# Work instruction
Among the entries below, which lines run from the line with "Man wearing black" through the line with "Néandertal – Dans"? Retype those, both ends included, exactly and without pictures.

# Entries supplied
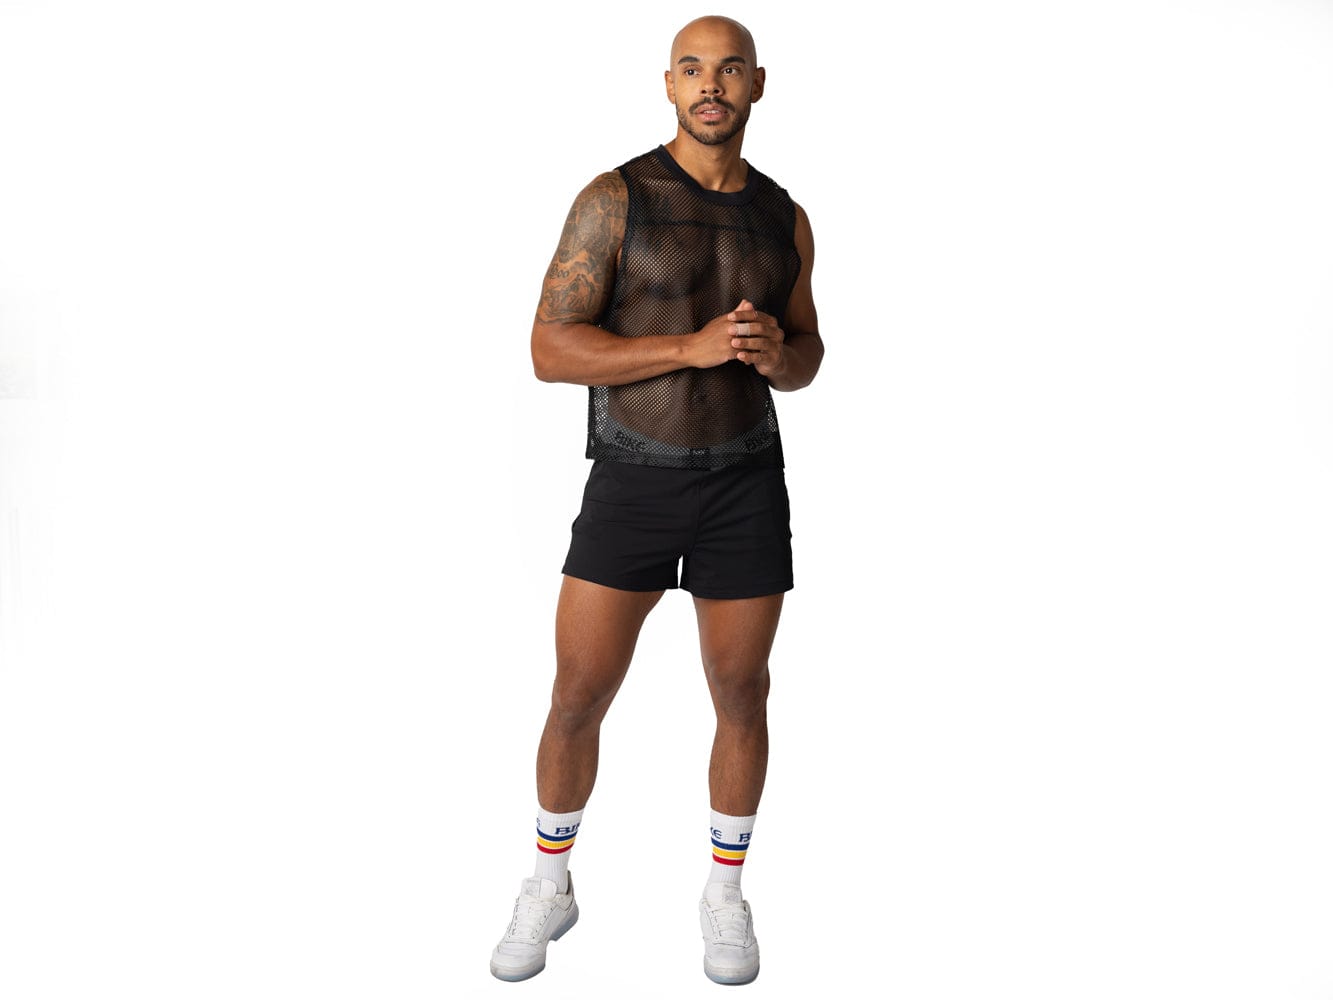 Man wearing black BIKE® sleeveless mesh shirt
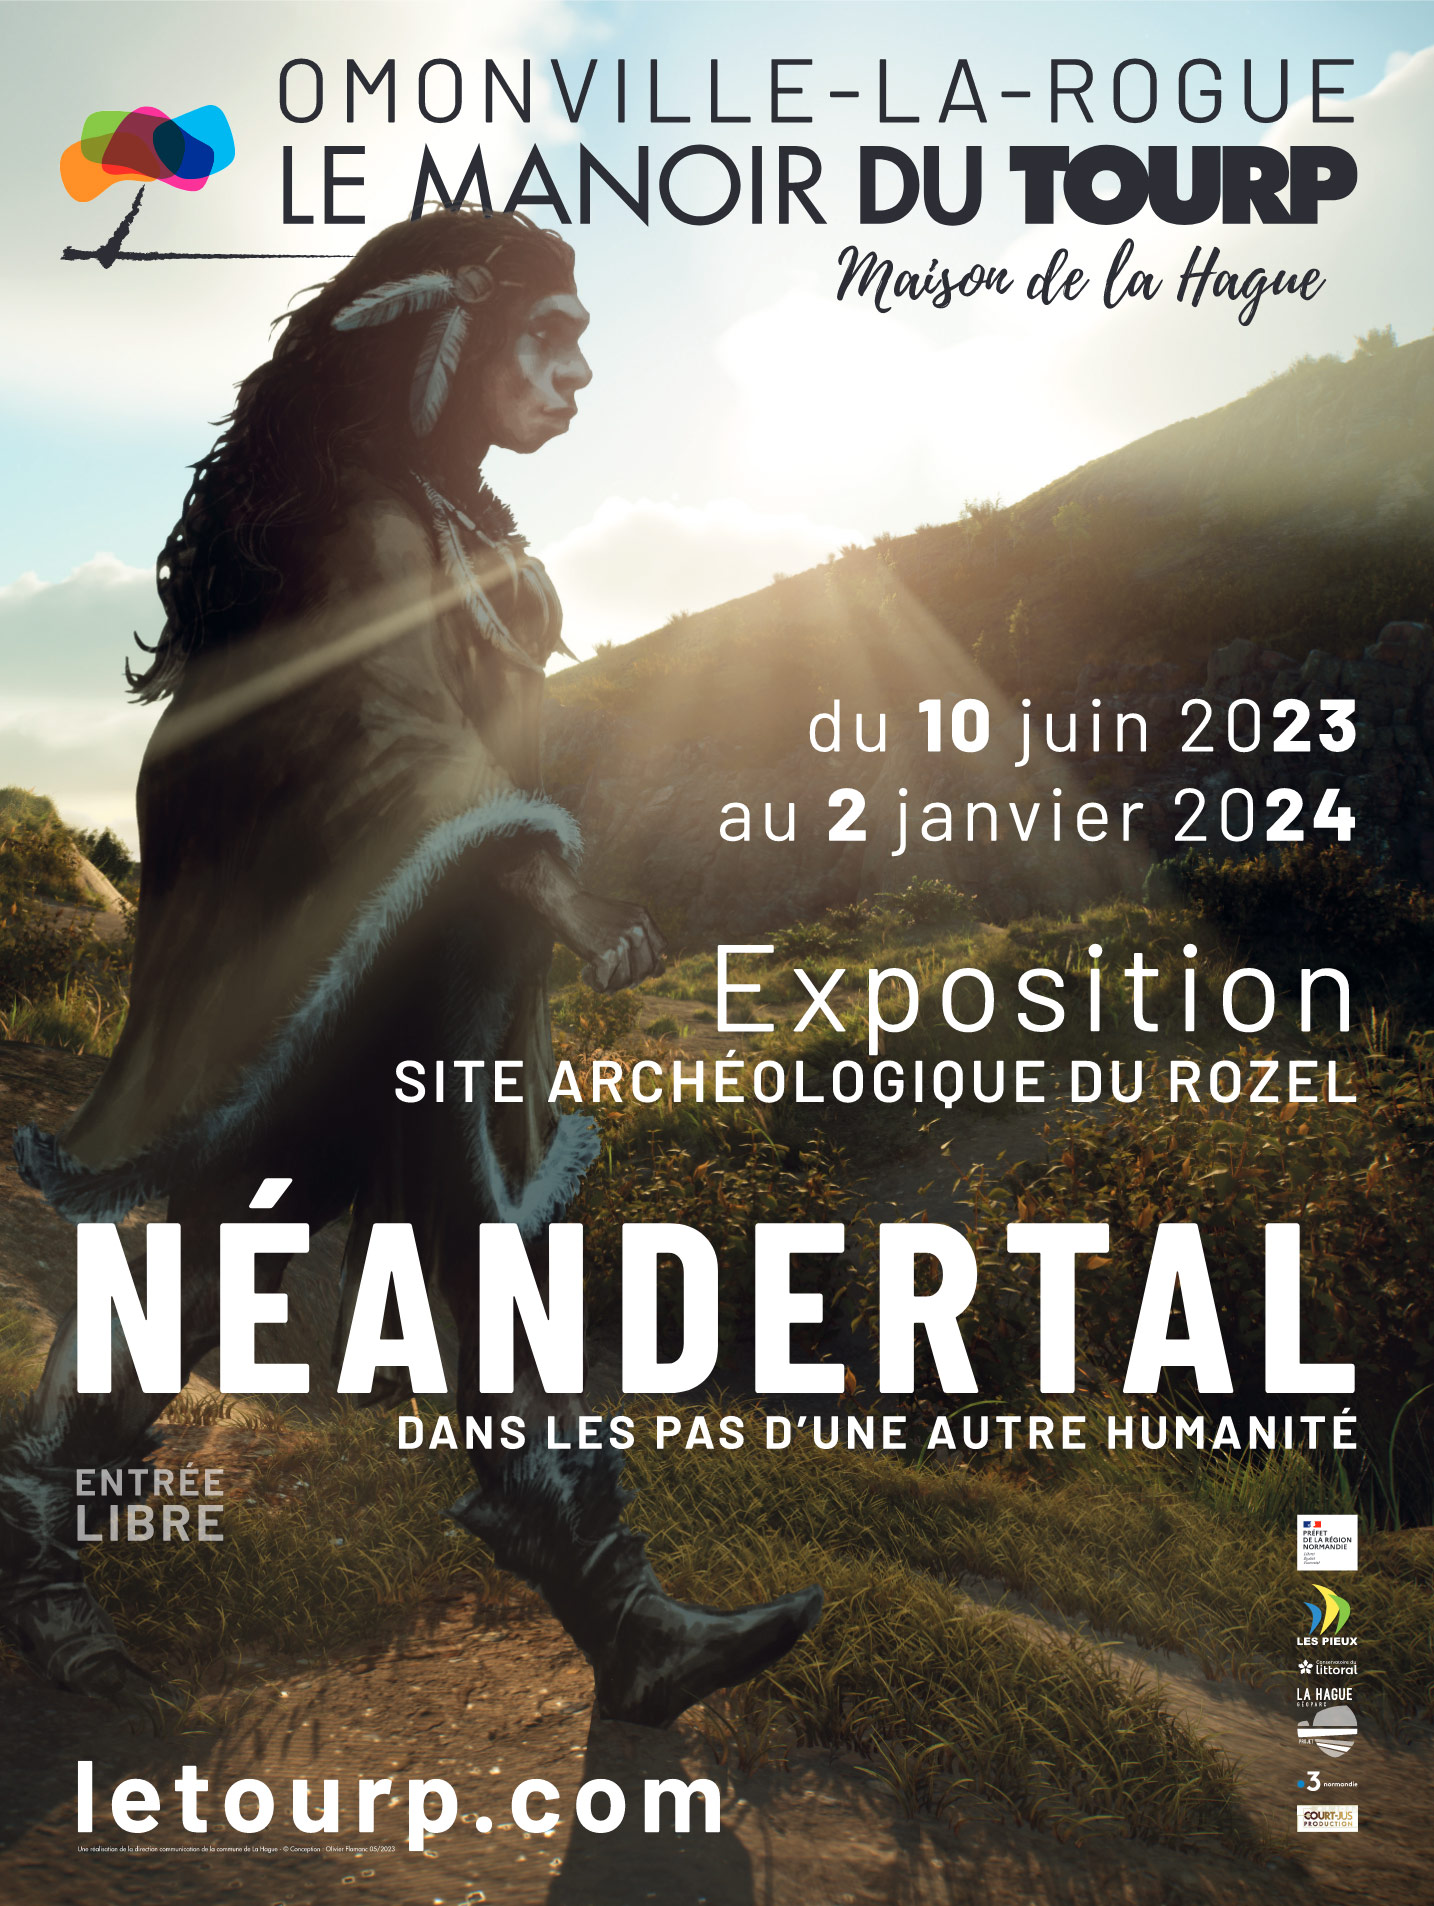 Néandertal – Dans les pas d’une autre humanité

* * *

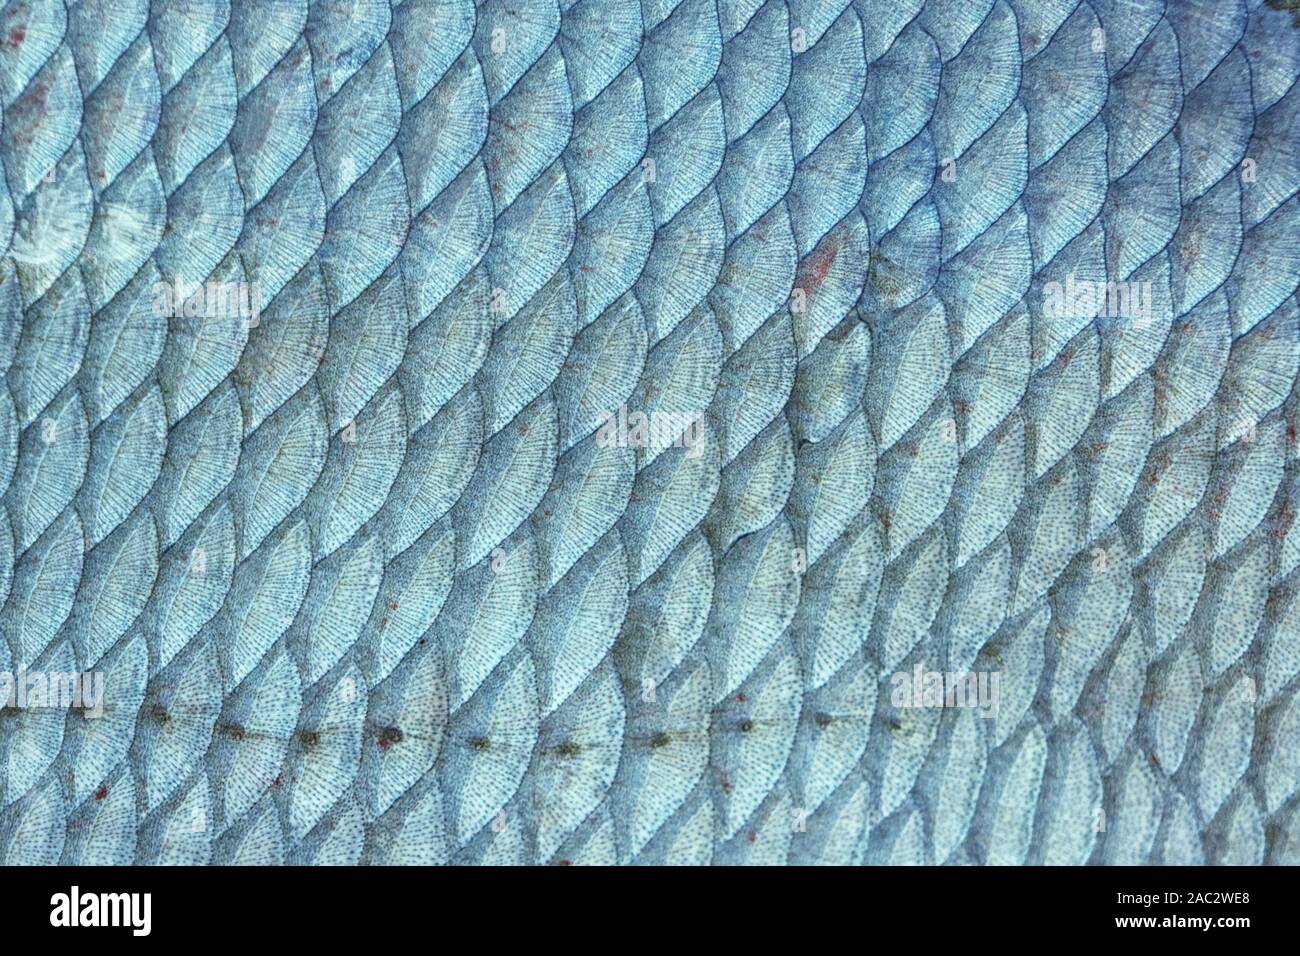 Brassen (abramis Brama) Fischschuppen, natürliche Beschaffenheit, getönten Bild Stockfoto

# Output of the task
 Man wearing black BIKE® sleeveless mesh shirt
 Néandertal – Dans les pas d’une autre humanité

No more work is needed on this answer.